During the semester, students read court transcripts of the 1986 murder trial and knocked on the doors of witnesses. We broke into groups, each focusing on a topic: The defense attorney who, in connection with charges of stealing from a client,  was suspended from work after Jones’ conviction; the eyewitnesses who wouldn’t testify that Jones was the murderer; a deep-dive look at Jones himself.

This was the beginning of the process that went on months after the class disbanded. Some of my students stayed on the team as volunteers.

Leading the group was Leonard Singer, an adult student and Boston attorney who started out as one of the most skeptical and emerged as one of the most dedicated to telling Jones’ story. He spent hours seeking public records, interviewing police and legal sources, and tracking down leads. His classmate Evelyn Martinez, an Emerson College graduate student, also kept chasing leads to those who were near the Brockton parking lot where an alleged drug dealer died by a single shot in 1985.

After the class ended, WBUR news reporters Bruce Gellerman and Jesse Costa joined our partnership to work on the project. They too became engrossed with the hundreds of pages of court records and tackling the critical challenge for radio—finding players in the drama to discuss the case on air.

Gellerman tracked down juror Eleanor Urbati who said that she was never convinced of Jones’ guilt and regrets her decision to go along with the 11 other jurors to convict him. She told us that she believed two jurors were racist—a statement key to Jones’ release.

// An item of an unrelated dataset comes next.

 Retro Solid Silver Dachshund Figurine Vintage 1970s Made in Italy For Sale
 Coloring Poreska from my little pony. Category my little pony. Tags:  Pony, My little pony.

The investigation led to an award-winning five-part radio and video series and an online print piece.

After the stories ran, Superior Court Justice Thomas McGuire Jr., in a highly unusual move, called back Urbati and other jurors to hear about claims of a racist jury.

Finding the case was tainted by racial bias and police misconduct, he eventually vacated Jones’ murder conviction.

In June of this year, Jones was retried. His attorneys focused on the fact that witnesses described a shooter who was significantly shorter than the victim. Jones, at 6 feet tall, is nearly the same height as the man who was killed. A new, more diverse jury found Jones not guilty after barely two hours of deliberation.

Jones walked out of court on that June day thanking lawyers and journalists who worked on his case for years. He pledged to continue to fight for others still wrongfully in prison.

At a recent event at WBUR’s new Boston venue, CitySpace, Jones talked about his exoneration.

One of his attorneys, John J. Barter, said that when he first reviewed Jones’ case he believed the only way the conviction would be overturned would be if something magical happened. Jones had attempted to re-open his case before and failed.

Barter said magic did arrive: First when the U.S. Supreme Court issued a new decision regarding the right to have jurors without racial prejudice and again when our reporting led to information about such bias. New technology also allowed development of proof that police had altered key evidence and lied about it at the first trial.

Barter clarified that journalists, students, and attorneys weren’t working together. Each of us had our own professional duties. We were each working in our own lanes searching for the truth.

These efforts led to a Boston man’s exoneration after 32 years in prison for a crime he always insisted he didn’t commit. Heading toward the new academic year, I’m excited to think of where our students will focus their attention next.